The event synchronization is done via a local read-out event number counter that is incremented by the external read-out controller (thus having the same value for every channel connected to it). If any channel has data with the same event number tag, it will signal the readout controller of its existence, asking to be read out. The read-out controller scans all channels for data belonging to the same event, and sequentially reads every one that has data.
If many channels are multiplexed into the same bus this arbitration scheme becomes nontrivial. Thus an easy to use token ring read-out protocol that does not require complicated external arbitration logic is supported (Fig. 8) . In this scheme, a token is passed around by the read out controller. If a particular MEC3 has data for the present event, it will hold the token while being read out. After all data has been sent out, the token is passed to the next channel in the chain. Channels without information for this event just pass the token to the next, without further action. Only when it reaches the read-out controller has the complete event been read out and can a new event cycle begin.

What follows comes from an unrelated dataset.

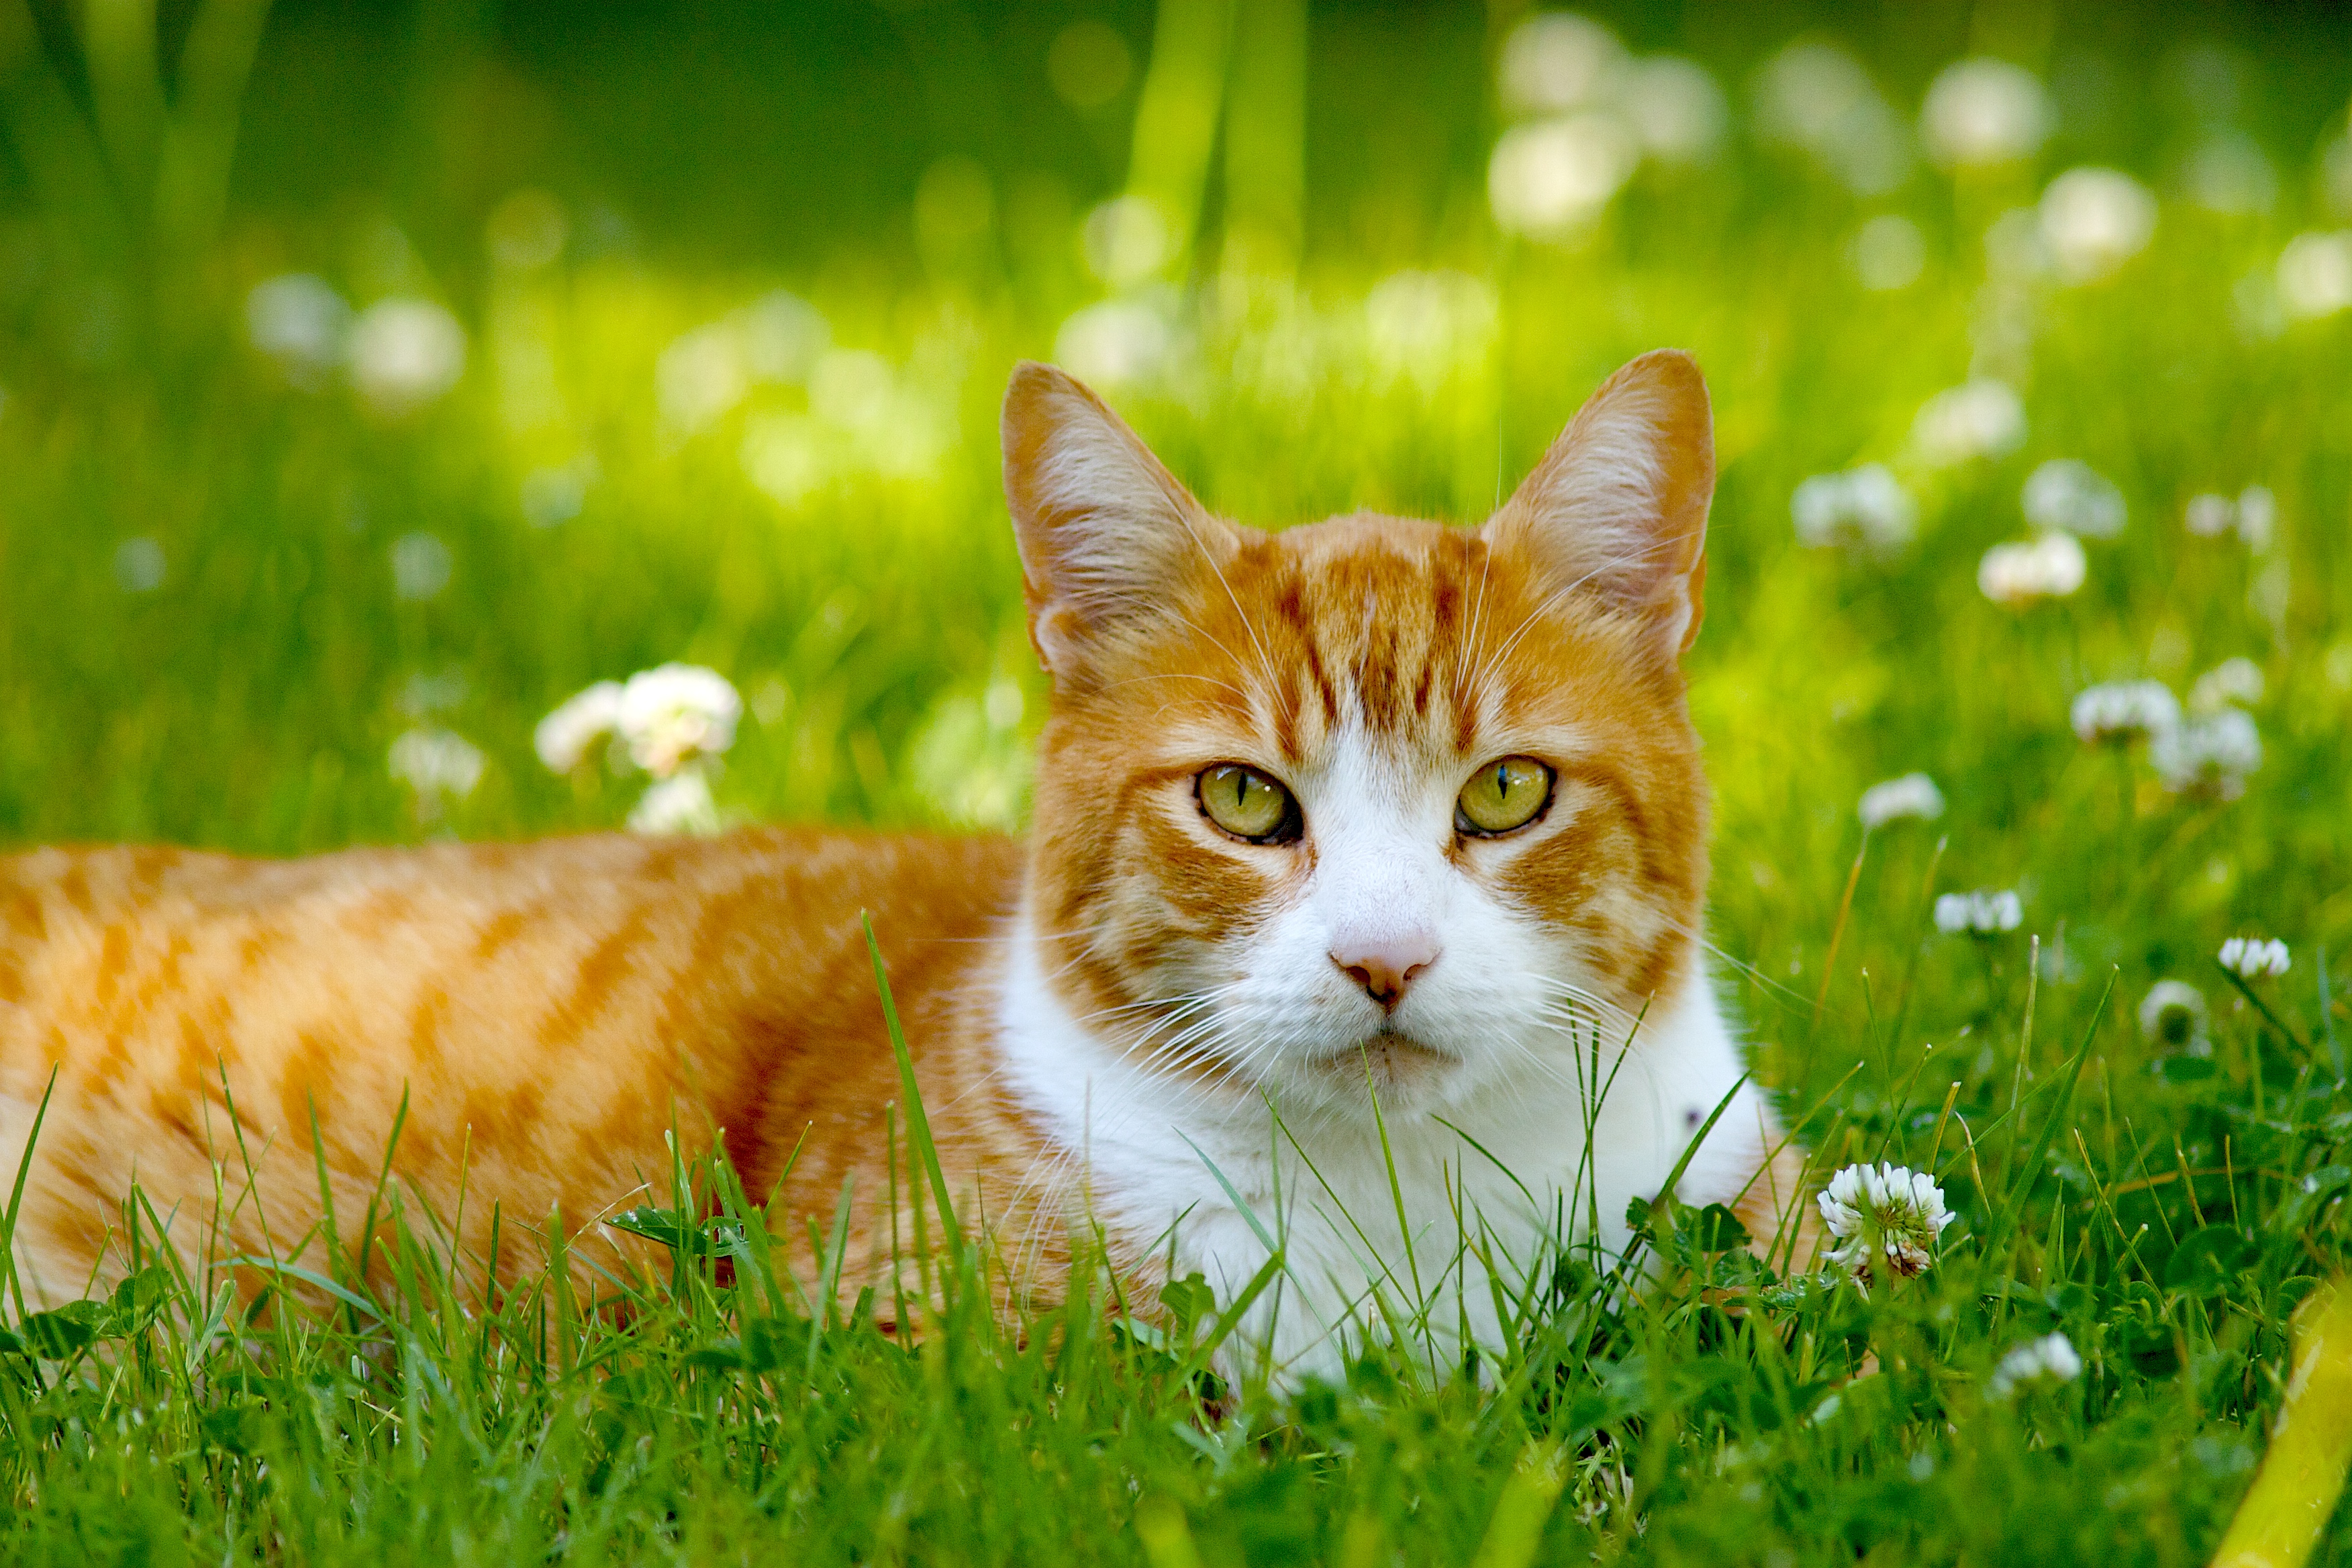 Cat in grass photo

If some of the control words introduced by the MEC3 are not desired, their read-out can be disabled individually.
Channel calibration
In order to fully characterize and monitor each detector channel some testing modes have been introduced. In the flash mode the chip will, from a pre-set time, capture 128 consecutive samples, thus allowing for the study of the channel background. In the single-shot mode the MEC3 will store 128 consecutive samples when a pulse has been detected, thereby showing the complete response of the detector/shaper/ADC chain.
DEMONSTRATOR CHIP
The implementation of the MEC architecture described in this paper is intended as a demonstrator of the concepts used in the architecture. In a real experiment parts of its functionality may not be needed, or additional specialized circuitry may need to be added. All functions described can optionally be disabled in the demonstrator chip, thus giving a very high level of flexibility in operation.
The demonstrator chip features a wide data path of 12 bits and has some redundant functions that are introduced for the completeness of the demonstration. This has resulted in a fairly large silicon usage, but the 40 MHz clock rate is still attainable.

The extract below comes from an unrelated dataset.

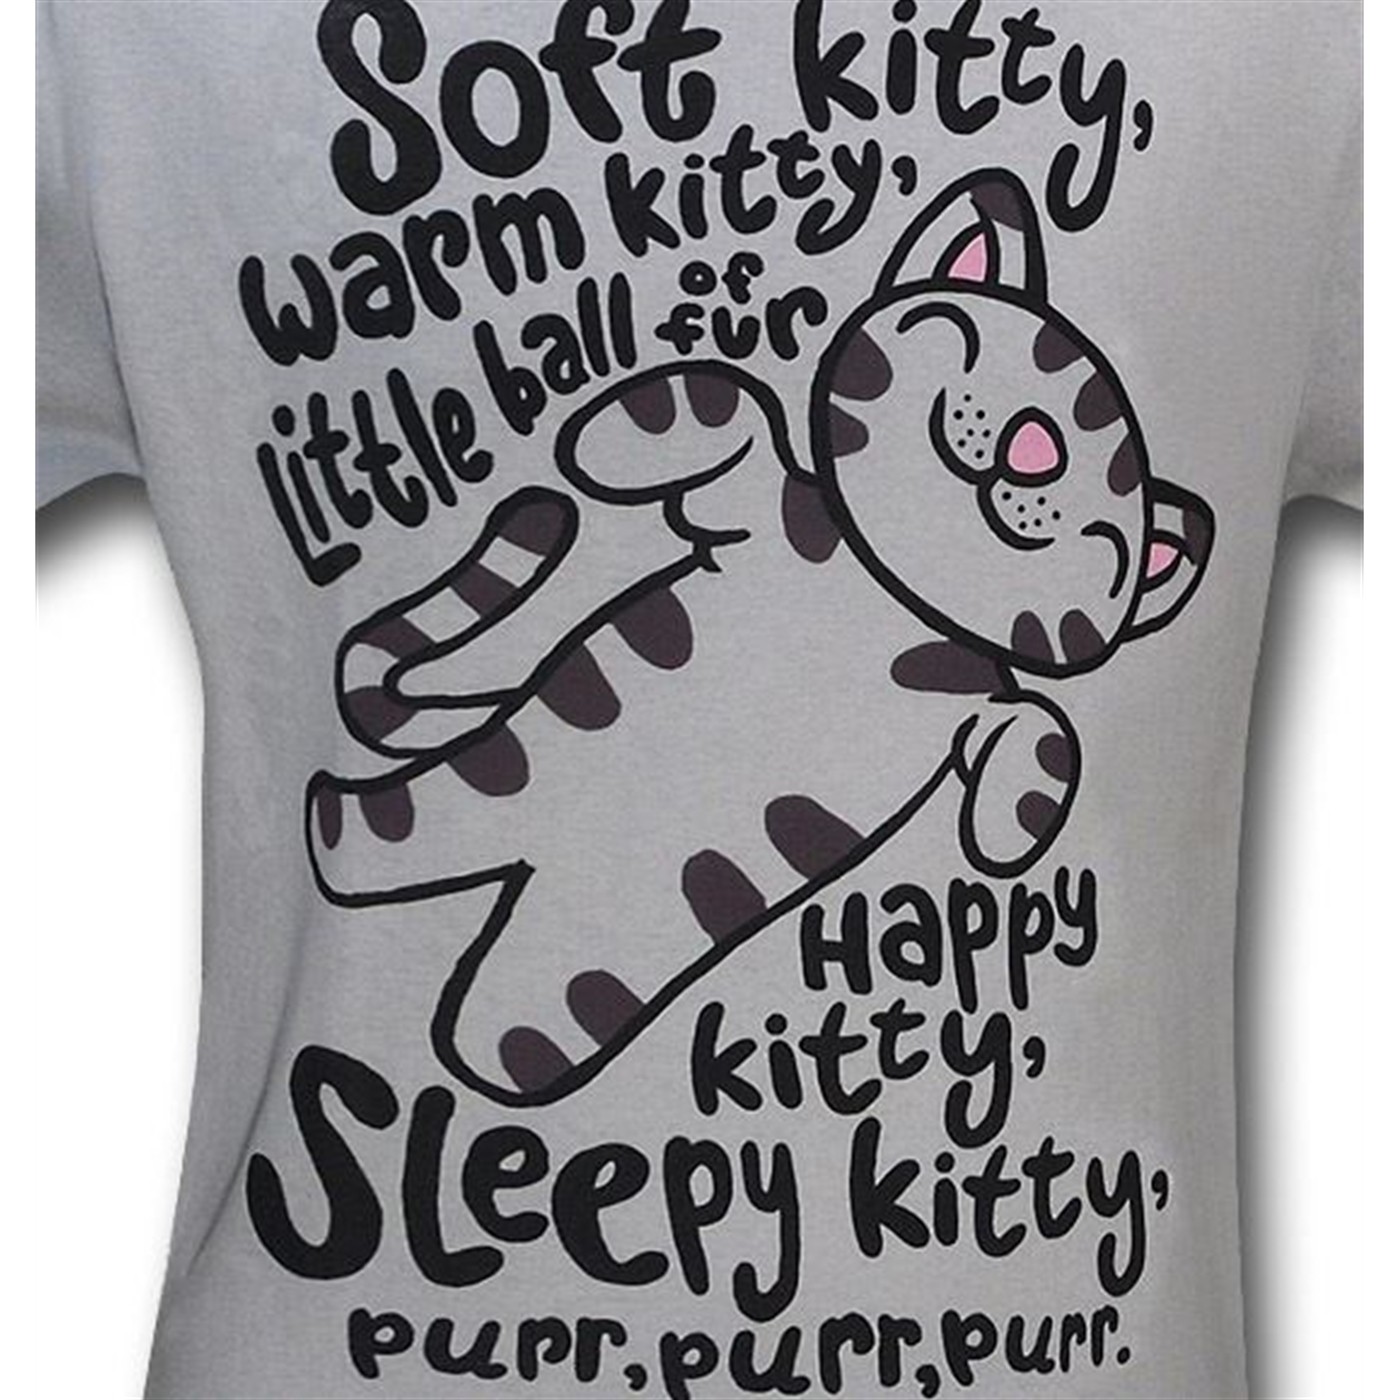 Big Bang Theory Soft Kitty Mens T-Shirt

The event buffer, in this implementation, was designed to store up to eight pulses, which is enough buffering for the first-level trigger latency in a typical experiment.
The demonstrator chip has been fully simulated in Verilog HDL and has been completely mapped into schematics using a 1.0 µm CMOS standard cell library from ES2. Placement and routing has also been performed, resulting in a silicon area of 55 mm 2 . Prototypes are expected by the end of 1994.
FUTURE DEVELOPMENTS
After complete testing of the prototypes, we aim to test the MEC3 chip against real data from a calorimeter, in order to prove the functionality introduced by this architecture.

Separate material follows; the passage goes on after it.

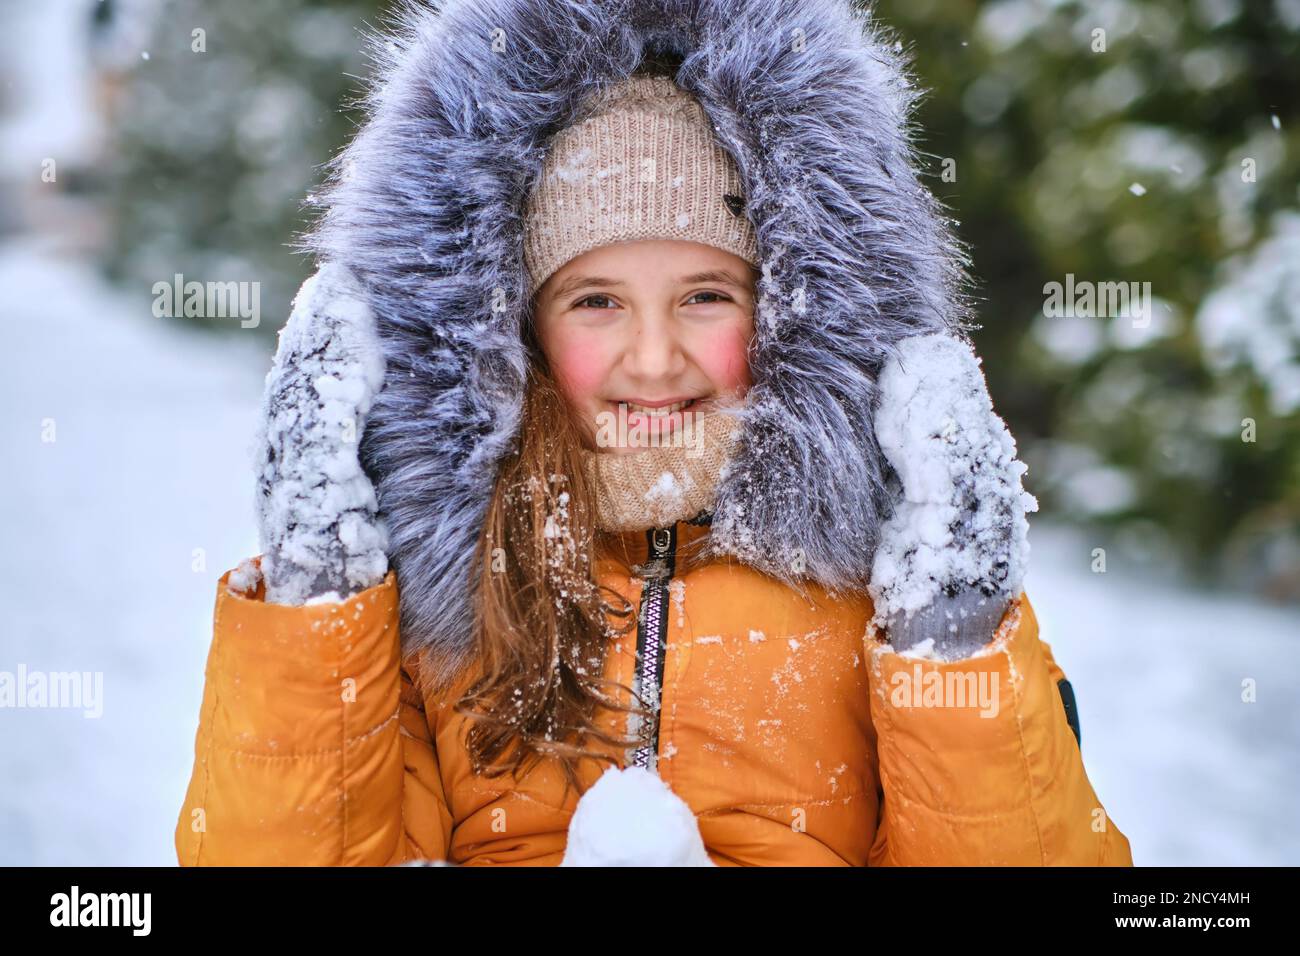 Nahaufnahme eines glücklichen Mädchens in einer pelzigen Kapuze, lustiges kleines Mädchen, das während des Schneefalls im wunderschönen Winterpark Spaß hat Stockfoto

In the future, with a better knowledge of the needs of a particular experiment, a new chip can be designed. This can be specifically tailored for the application taking into account issues such as power consumption and radiation hardness.
Several channels can be merged into a single chip, depending on the functionality required, further reducing the off-chip communication.
Higher clock speeds can be obtained simply by the redesign of some critical blocks and by introducing more pipelining into the signal paths of the zero suppression.